What's the difference between Netgear M4250, M4300, M4350 and M4500?

All four are fully managed families, but they target different jobs. The M4250 AV Line is built for AV-over-IP at the edge, with fixed internal power supplies and the only fanless model in the lineup. The M4300 is a stackable campus and aggregation family with modular PSUs. The M4350 is the newer AV Line flagship — modular PSUs, multi-gig PoE++ and 25G/100G options, including touring-grade models with Neutrik etherCON connectors. The M4500 is a 25G/100G core family with no PoE, aimed at uncompressed SMPTE ST 2110 backbones.
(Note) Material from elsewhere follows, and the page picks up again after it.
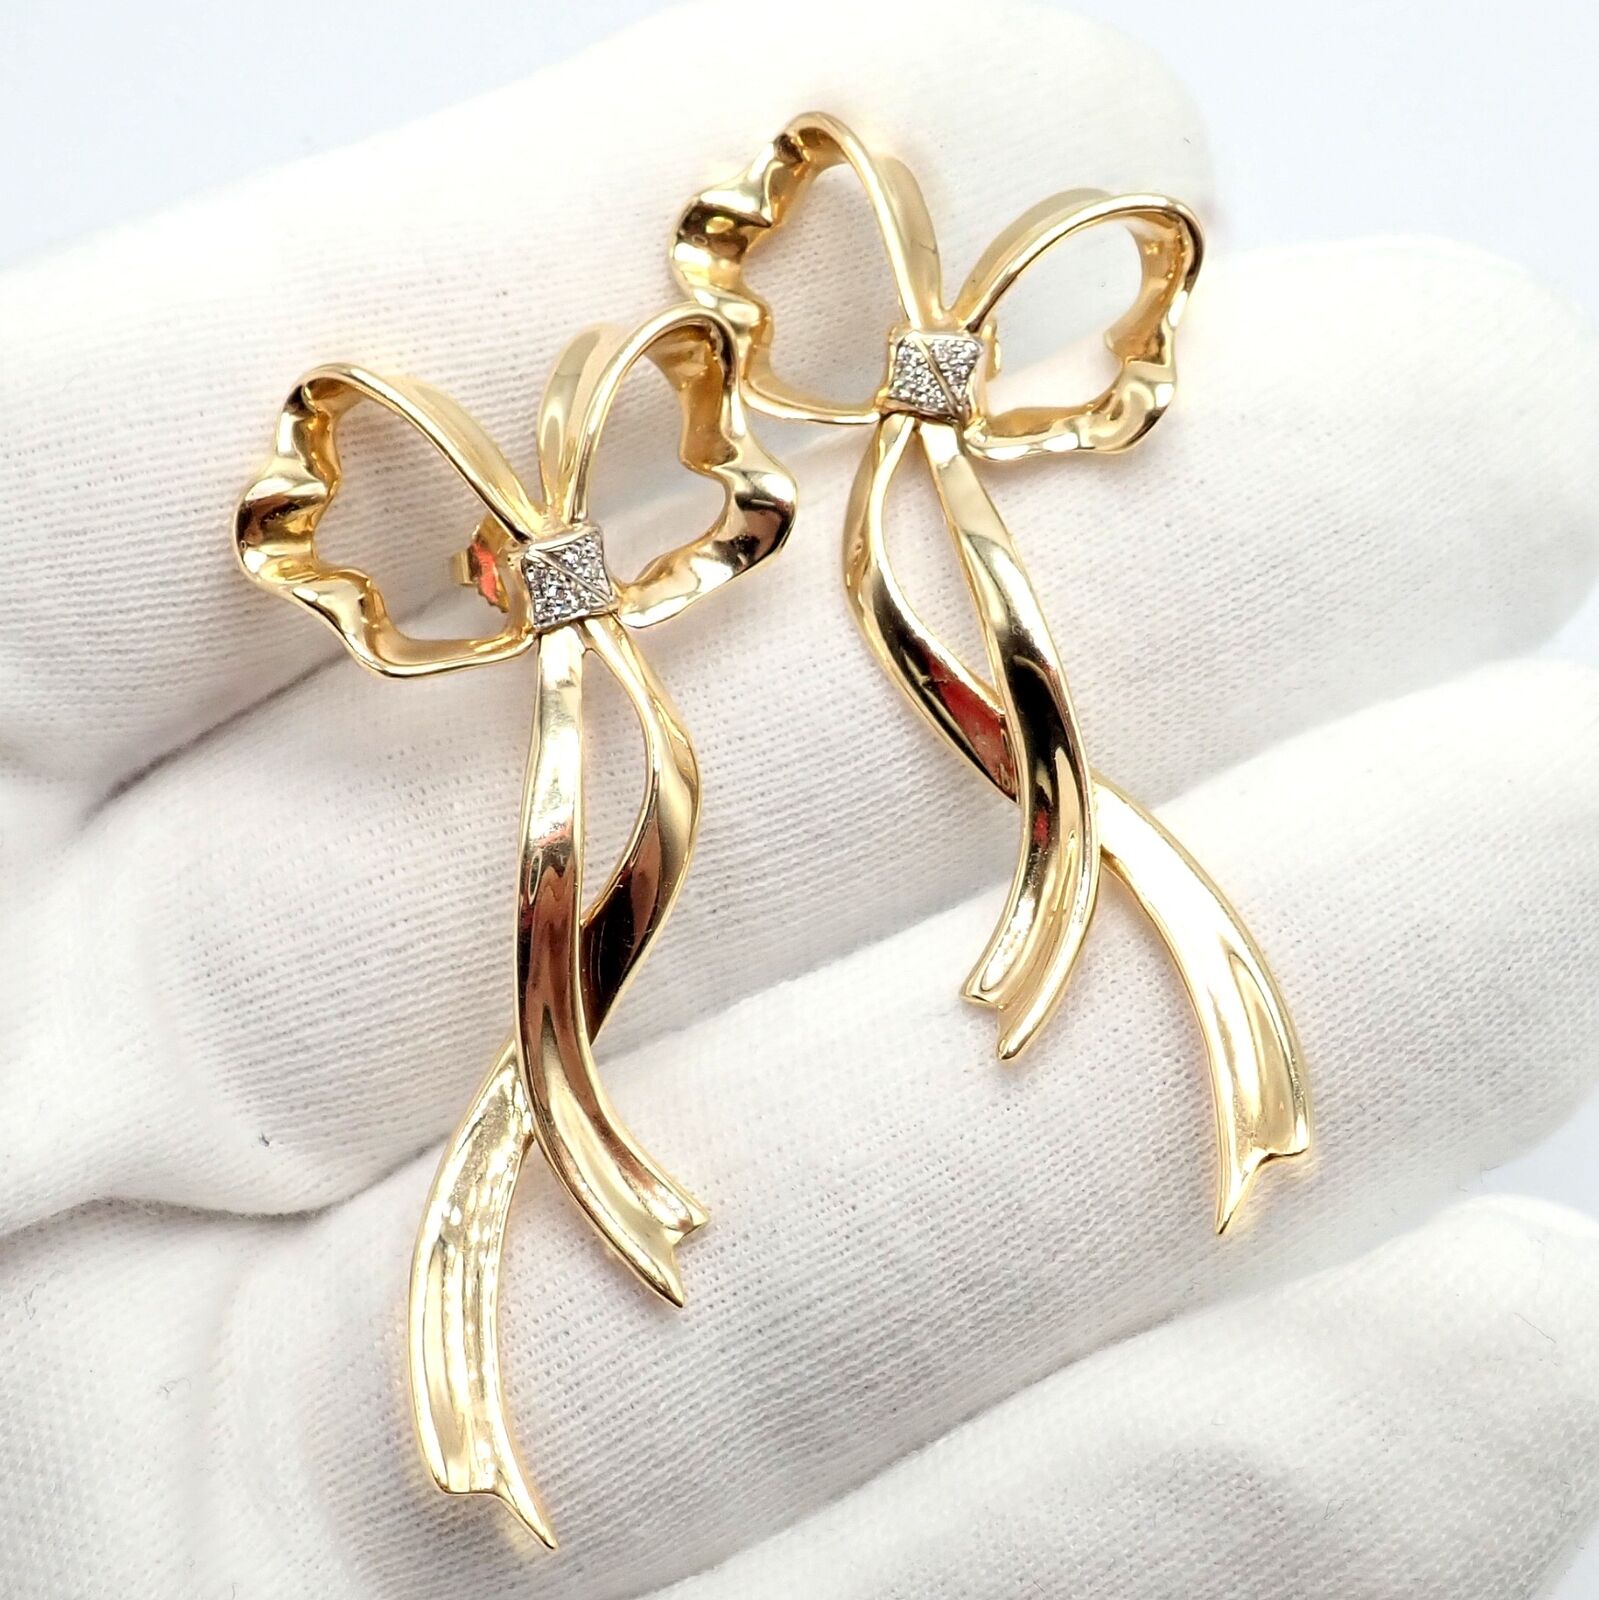 Tiffany & Co Silver Knotted Bow Ribbon Earrings | eBay

What's the difference between PoE+ and PoE++?

PoE+ (IEEE 802.3at) delivers up to 30W per port — enough for most cameras, phones and access points. PoE++ (IEEE 802.3bt) delivers up to 90W per port for demanding loads like PTZ cameras, powered speakers and video endpoints. Keep in mind the switch's total PoE budget, set by its power supplies, caps how much all ports can draw at once — that's exactly what the PoE budget slider above calculates.

Can I increase the PoE budget on a Netgear M4250?

No — M4250 power supplies are fixed and internal, so the budget can't be raised by adding PSUs. The two large PoE++ models (GSM4230UP and GSM4248UX) ship with 2–3 built-in supplies and scale by connecting additional AC cords, but every other M4250 has one fixed budget. If you need an expandable PoE budget, look at the M4300 or M4350 families — though their top budgets usually require a 220V circuit.

Which Netgear switch is best for AV-over-IP and Dante?

It depends on scale. For a single conference room, the fanless M4250-9G1F-PoE+ runs silent and rack-free. For 24–40 PoE+ endpoints with 10G uplinks, the M4250-26G4XF-PoE+ and M4250-40G8XF-PoE+ are popular aggregation picks. For multi-gig PoE++ endpoints with 25G uplinks the M4350 family covers it, and uncompressed ST 2110 backbones move into the M4350 100G models and M4500 core. If you're weighing options for a real project, our AV system design and consulting services do exactly this.

Are these specs and prices accurate?

M4250, M4350 and M4500 specs and PoE budgets were cross-checked against official Netgear datasheet PDFs; M4300 is verified against Netgear's online datasheet and hardware installation guide. Prices blend MSRP and street pricing as of July 2026 and vary by reseller — treat them as ballpark figures, not quotes.